Your instructions: Without including any pictures, reproduce all the lines below word for word.

Information supplied:
——————
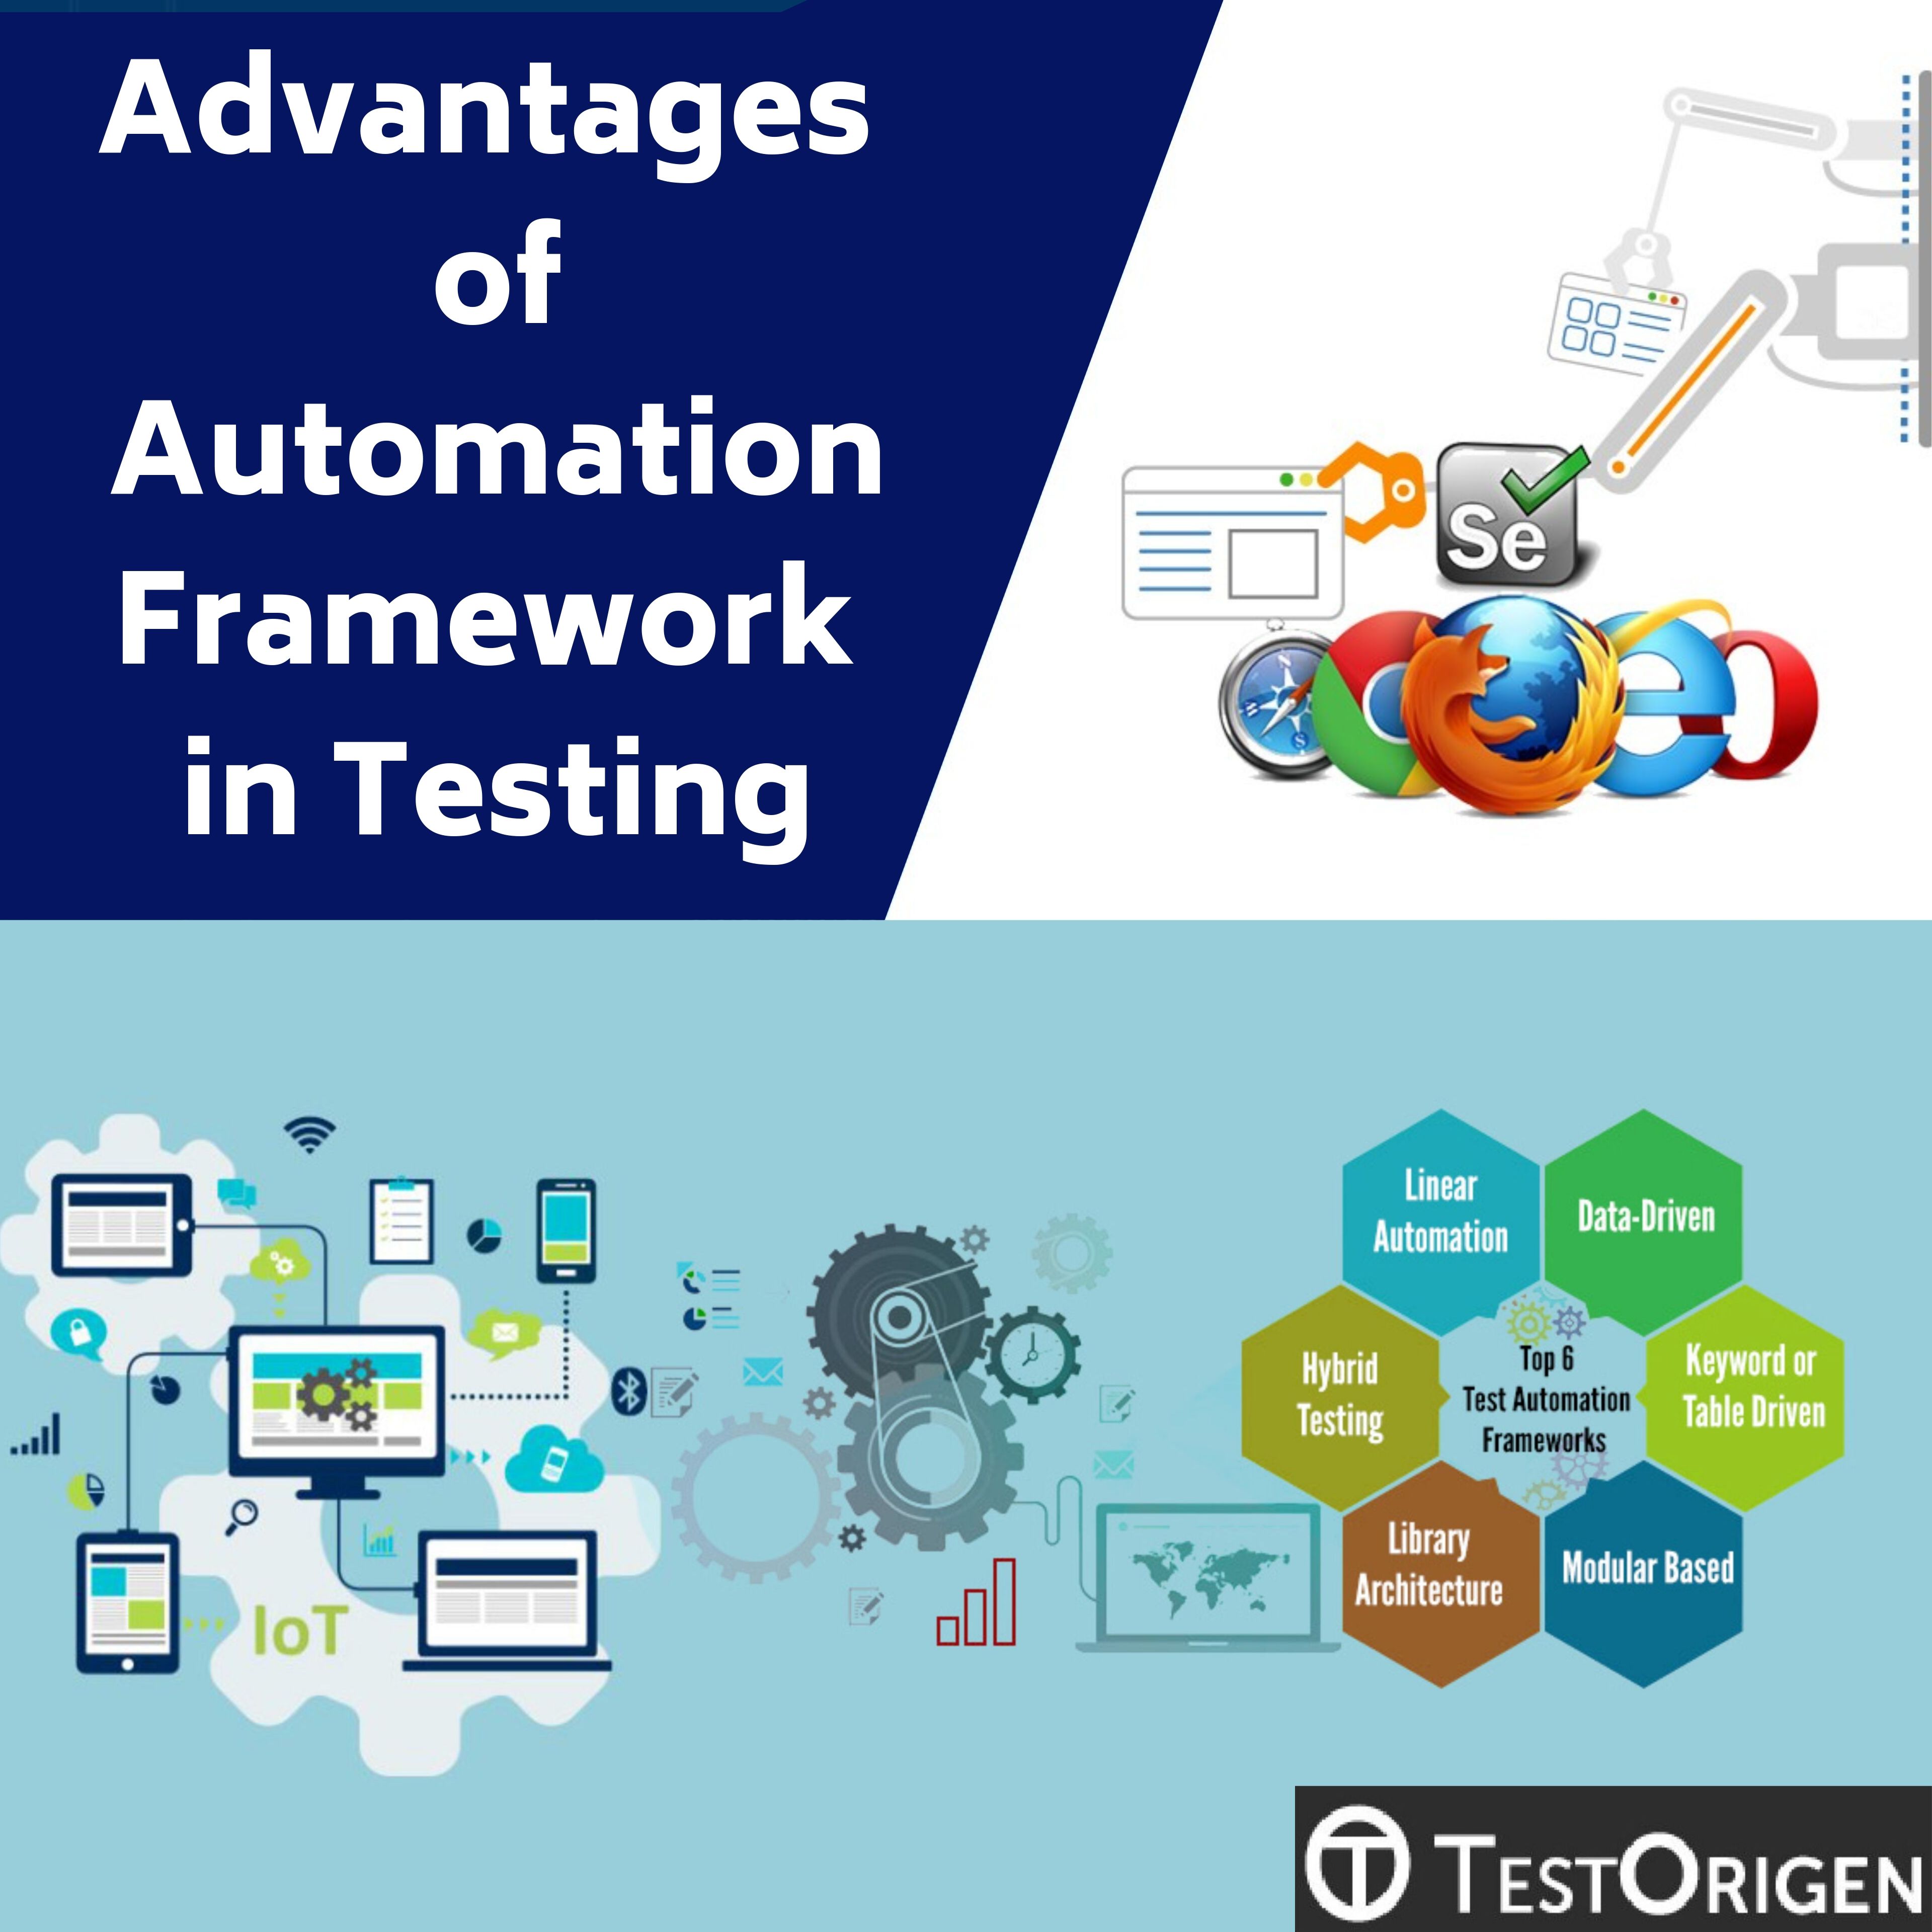 Advantages of Automation Framework in Testing
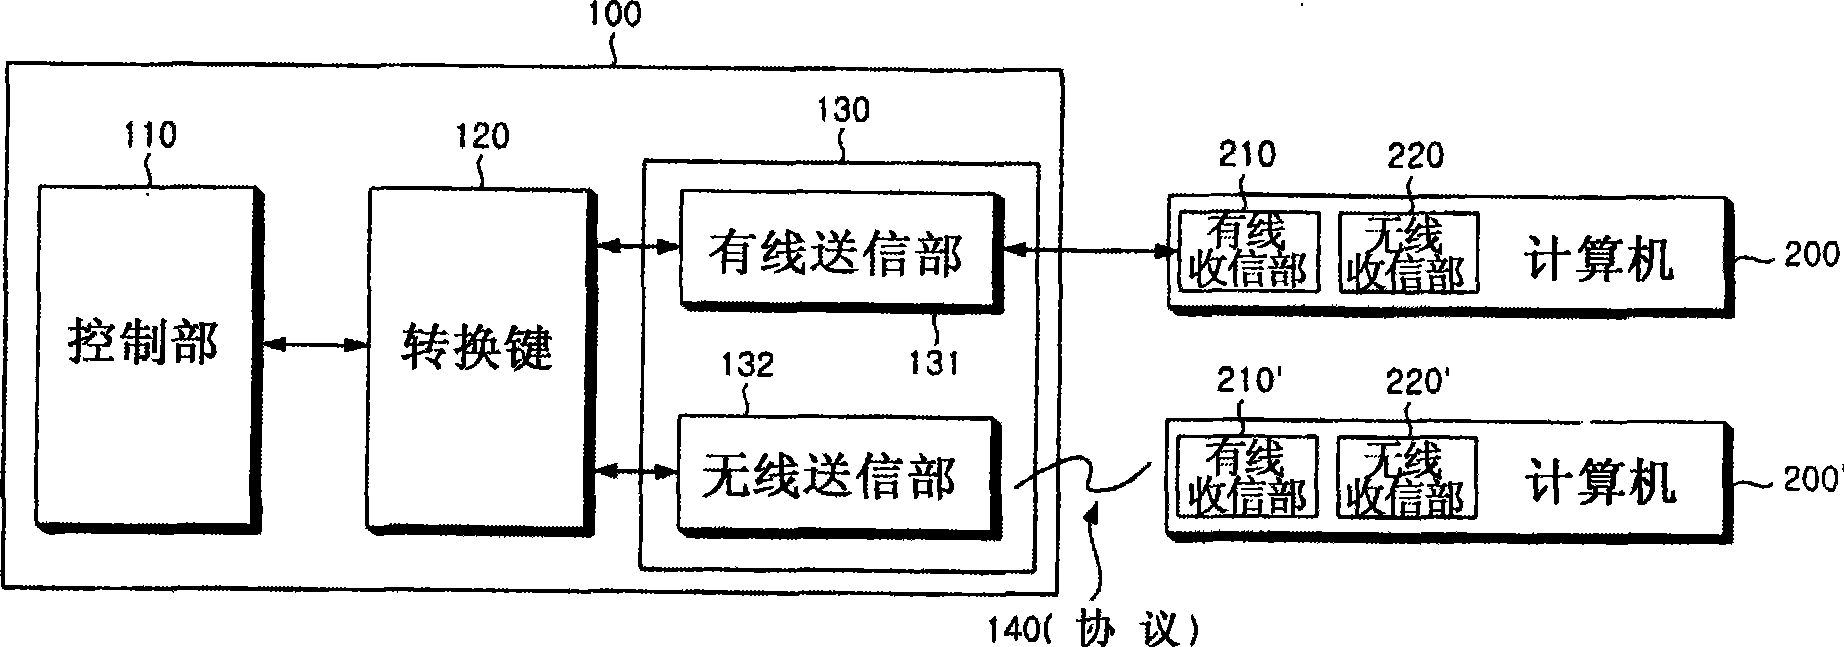 Mouse for controlling multiplex computer and control method
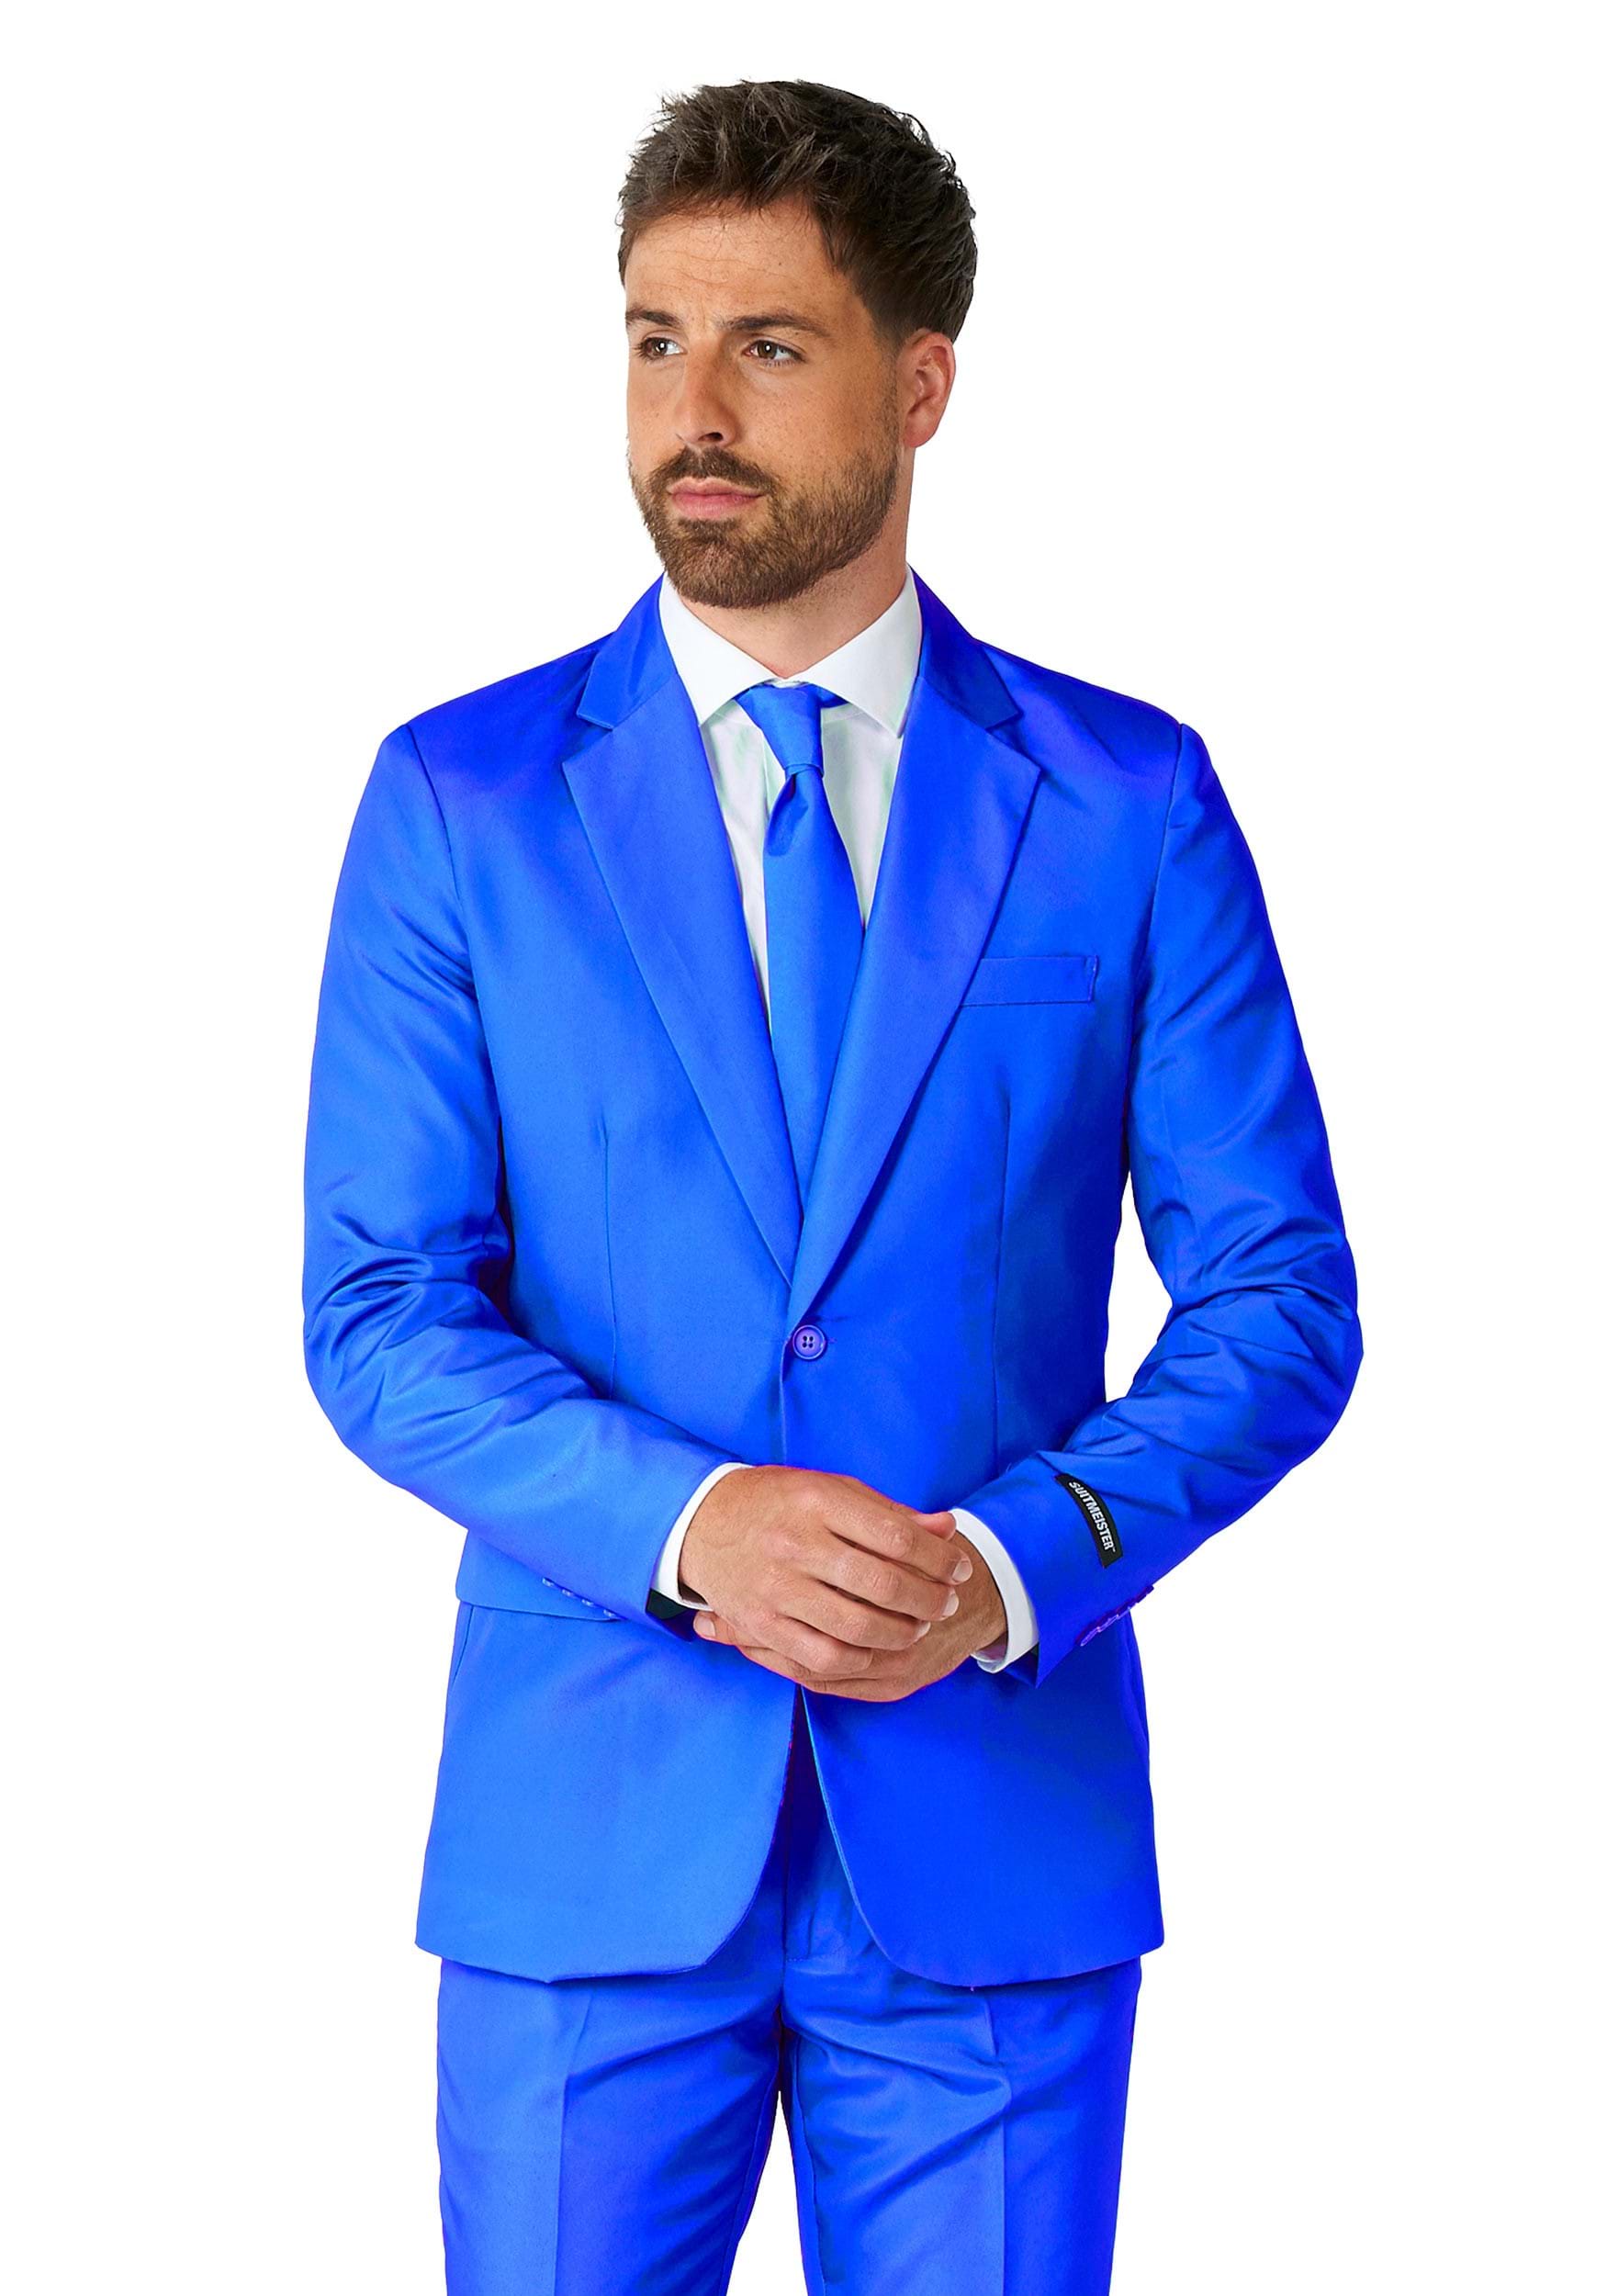 https://images.fun.com/products/74084/2-1-275980/suitmeister-solid-blue-alt-1.jpg
——————
Answer to the exercise:
 Advantages of Automation Framework in Testing
 Mouse for controlling multiplex computer and control method
 https://images.fun.com/products/74084/2-1-275980/suitmeister-solid-blue-alt-1.jpg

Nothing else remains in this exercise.